Culture Display Name Culture Name LCID
Inuktitut iu 0x005d
Inuktitut (Syllabics) iu-Cans 0x785D
Inuktitut (Syllabics, Canada) iu-Cans-CA 0x045D
Inuktitut (Latin) iu-Latn 0x7C5D
Inuktitut (Latin, Canada) iu-Latn-CA 0x085D

Table – Example of many new neutrals

Now in resource fallback (the main scenario of the chain) the older chain was really something of a liability since it was crossing the script boundary a little too freely, in this case and many others.

But in the case of Bokmål vs. Nynorsk, we aren't talking about script differences country differences or language differences. We are talking about two theoretical extremes of a dialect-based difference that spans the country of Norway and only Norway, and in actuality the old fallback behavior isn't really bad in any linguistic or market-based sense -- a neutral Nynorsk doesn't really seem to serve much of a real purpose....

In fact, it really looks like a bit of technical over-reaching (an overarching change being over-applied).

Clearly intentional, and therefore by design, I guess.

Though given how traumatic it is to find out that whoever your thought your parent was turns out to not be, perhaps these edge cases should not have been shifted so quickly.

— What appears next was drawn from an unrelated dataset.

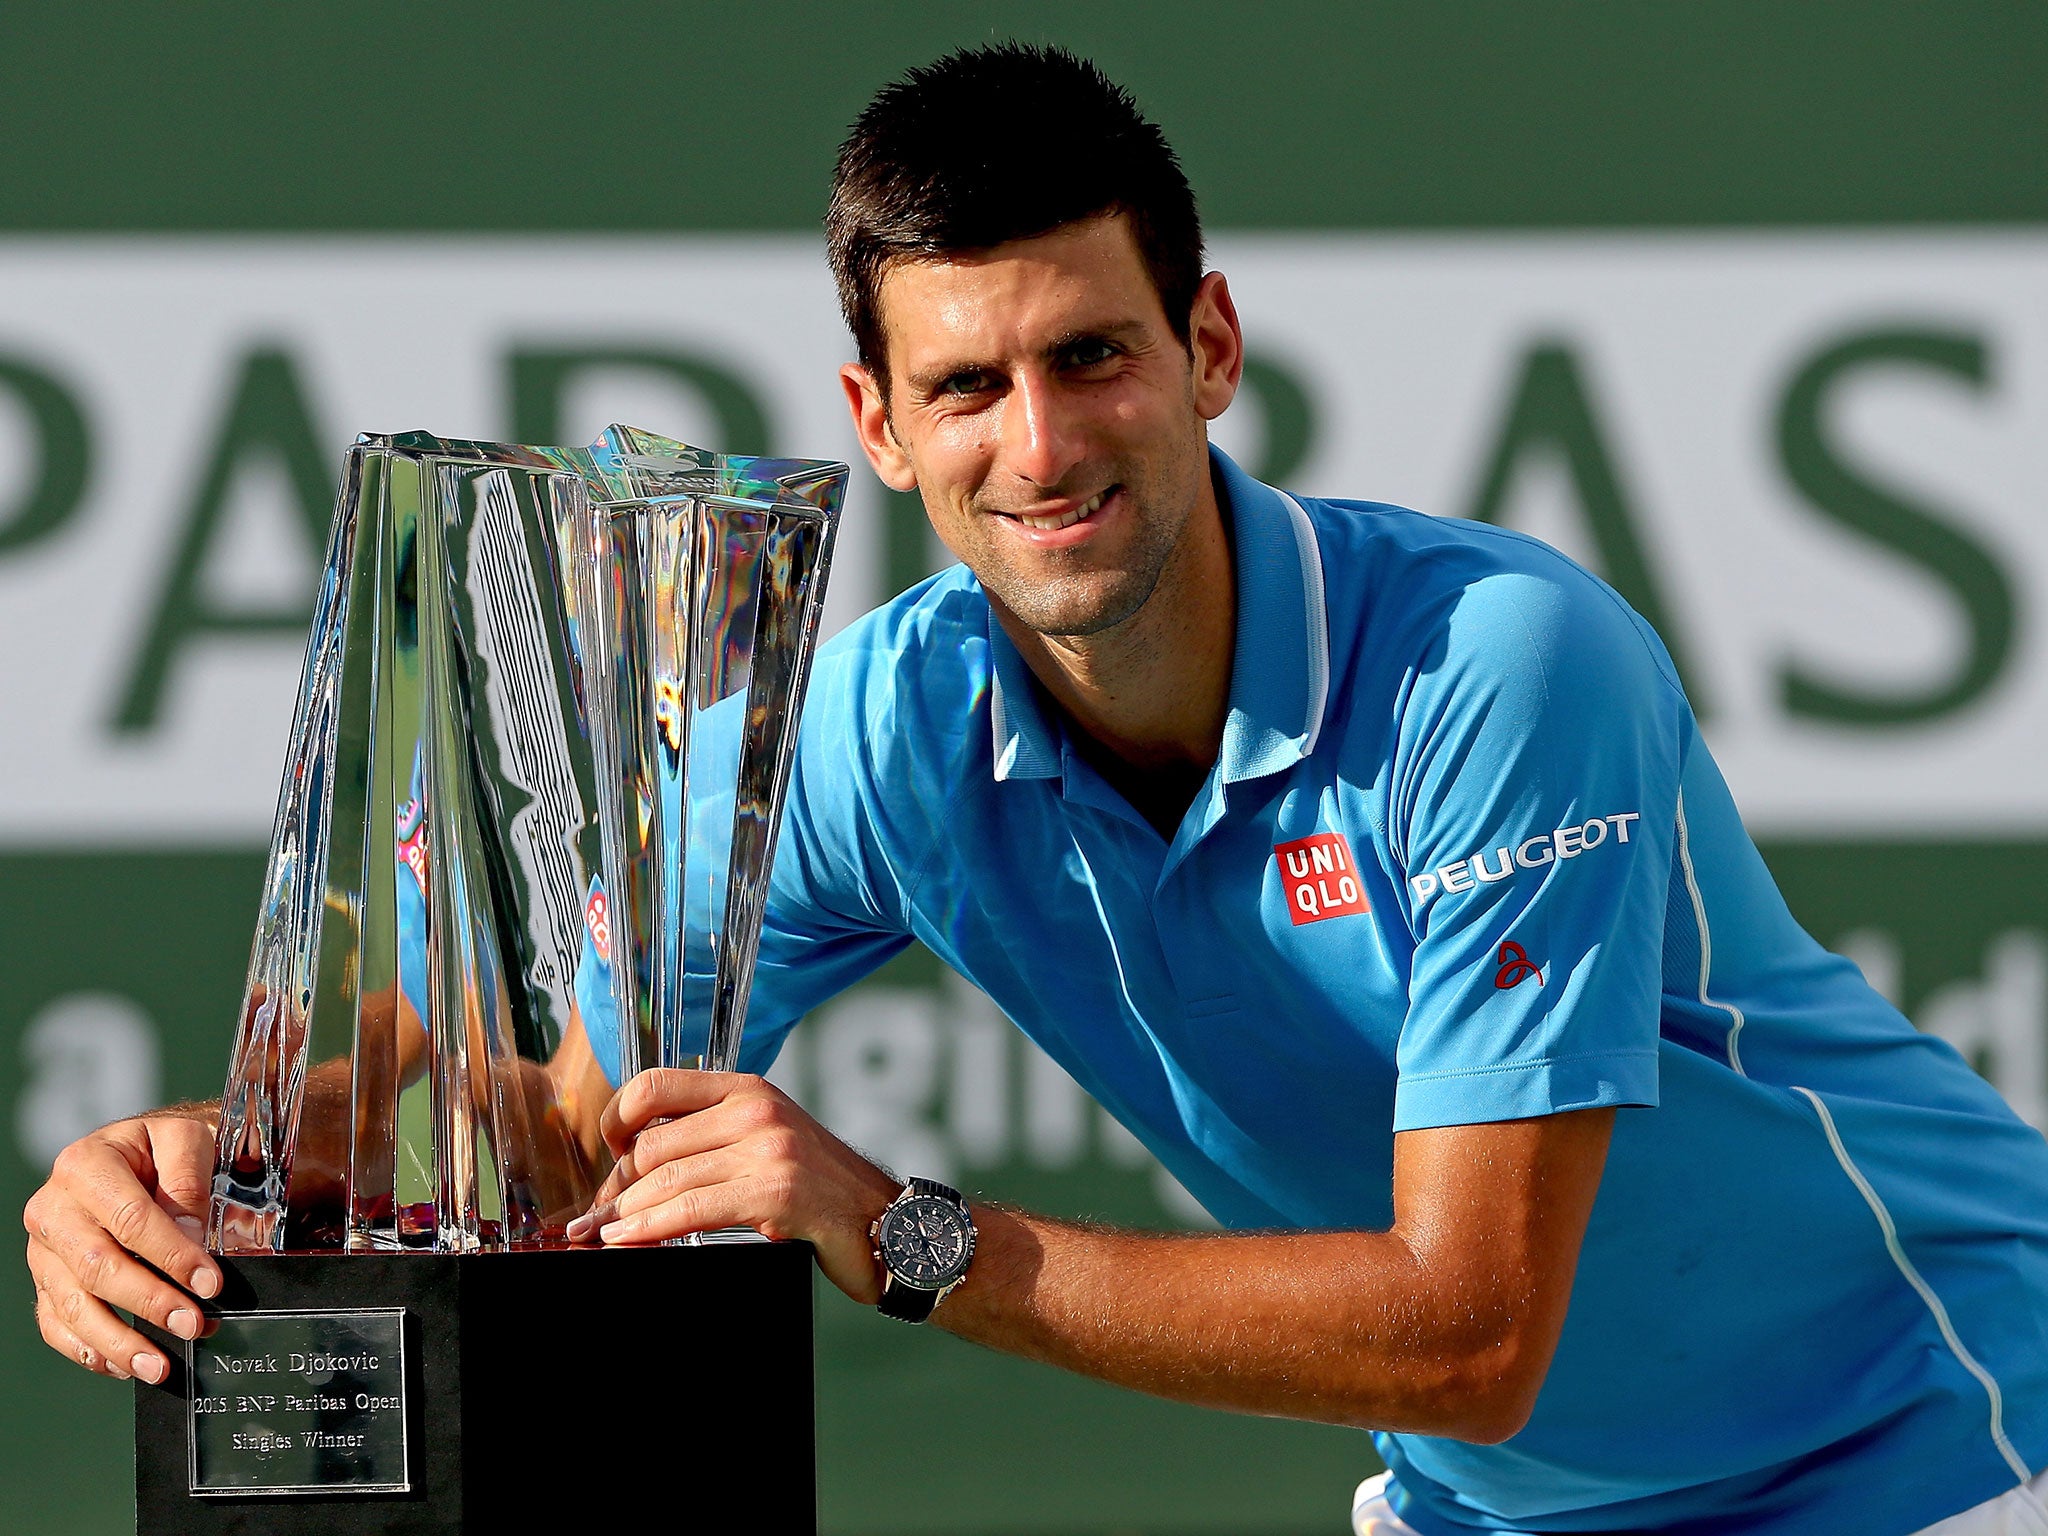 Djokovic forced a total of five break points in the opening set

Perhaps not such a good application of the design?

Doug Ewell on 27 May 2011 8:24 AM:

Geez, if I'd known Hell looked like that, I wouldn't have been so worried about last Saturday.

Michael S. Kaplan on 27 May 2011 9:06 AM:

You were worried about it? :-)

Van on 7 Jun 2011 3:07 PM:

@Doug. Unfortunately, this is Hell in the summertime. It gets a lot worse in winter.